9. Relationship to Compiler and Packer

Responsibilities are split as follows:

Compiler:

  • compiles source to PBX,
  • emits SYSC,
  • emits HOSTCALL <sysc_index>,
  • does not grant authority.

Packer:

  • produces the cartridge manifest,
  • declares requested runtime capabilities,
  • packages manifest.json, program.pbx, and assets.

Loader:

  • reads the manifest,
  • derives or receives granted capability flags,
  • validates those capabilities against PBX host requirements.

10. Validation Rules

The cartridge manifest must fail validation if:

  1. capabilities contains an unknown name,
  2. capabilities contains duplicates,
  3. capabilities is not an array of strings or nominal enum values under the chosen serialization form.

Cartridge load must fail if:

  1. the manifest omits a capability required by a resolved SYSC entry,
  2. a future platform policy denies a capability required by a resolved SYSC entry.

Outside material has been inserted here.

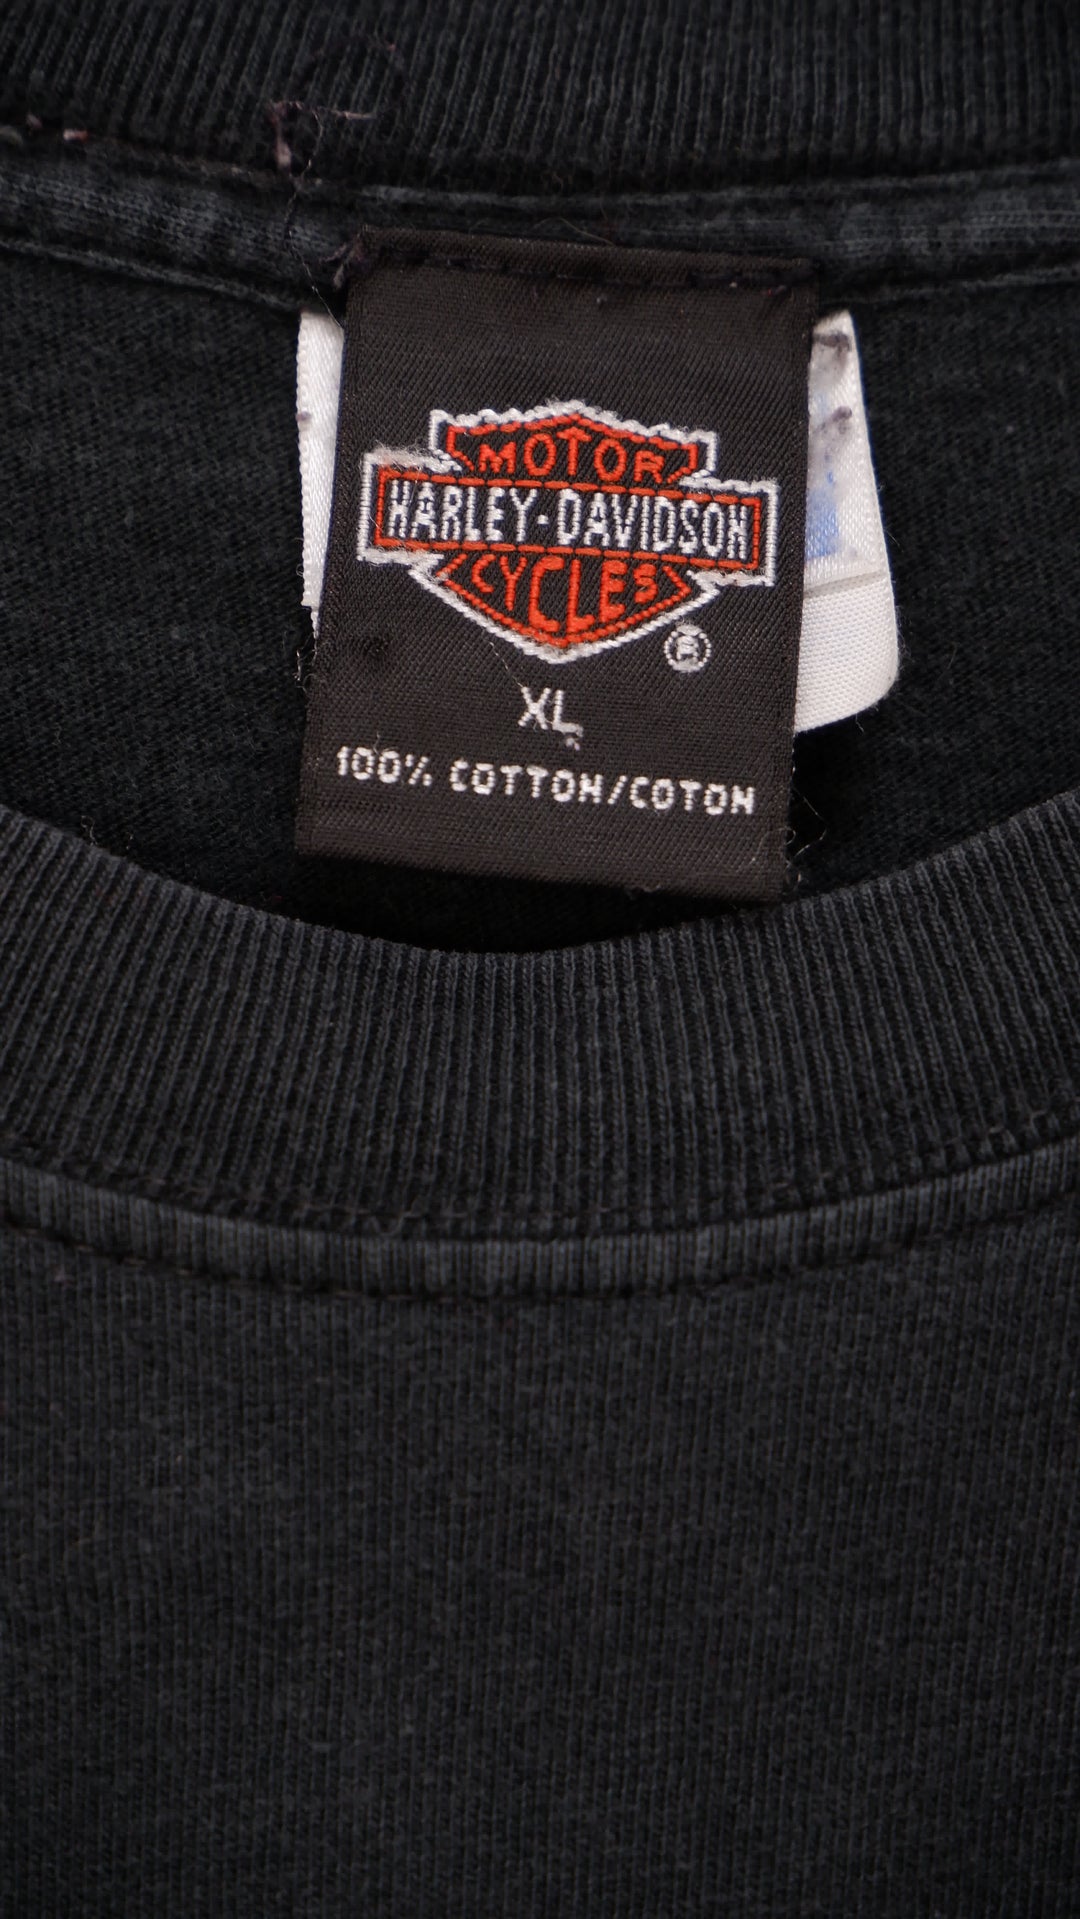 Vintage Harley Davidson Motorcycles T-Shirt Made In USA

11. Serialization Guidance

The recommended manifest-facing model is a nominal enum list, not numeric masks.

Recommended JSON:

{
  "capabilities": ["gfx", "input", "audio"]
}

Rejected as normative surface:

  • raw integer bitmasks,
  • hex masks,
  • unnamed positional arrays.

Rationale:

  • nominal capability names are readable,
  • manifest diffs remain understandable,
  • packer and tooling validation is straightforward,
  • runtime may still use bitflags internally after conversion.

12. Current Decision Summary

The current temporary contract is:

  1. manifest.json is the cartridge-facing load descriptor.
  2. capabilities is declared in manifest.json, not in prometeu.json.
  3. capabilities uses nominal canonical names such as gfx and audio.
  4. The runtime may keep using internal CapFlags.
  5. The loader converts nominal manifest capabilities into internal flags.
  6. PBX SYSC declares required host bindings, not authority.
  7. Loader validation fails if PBX host requirements exceed granted cartridge capabilities.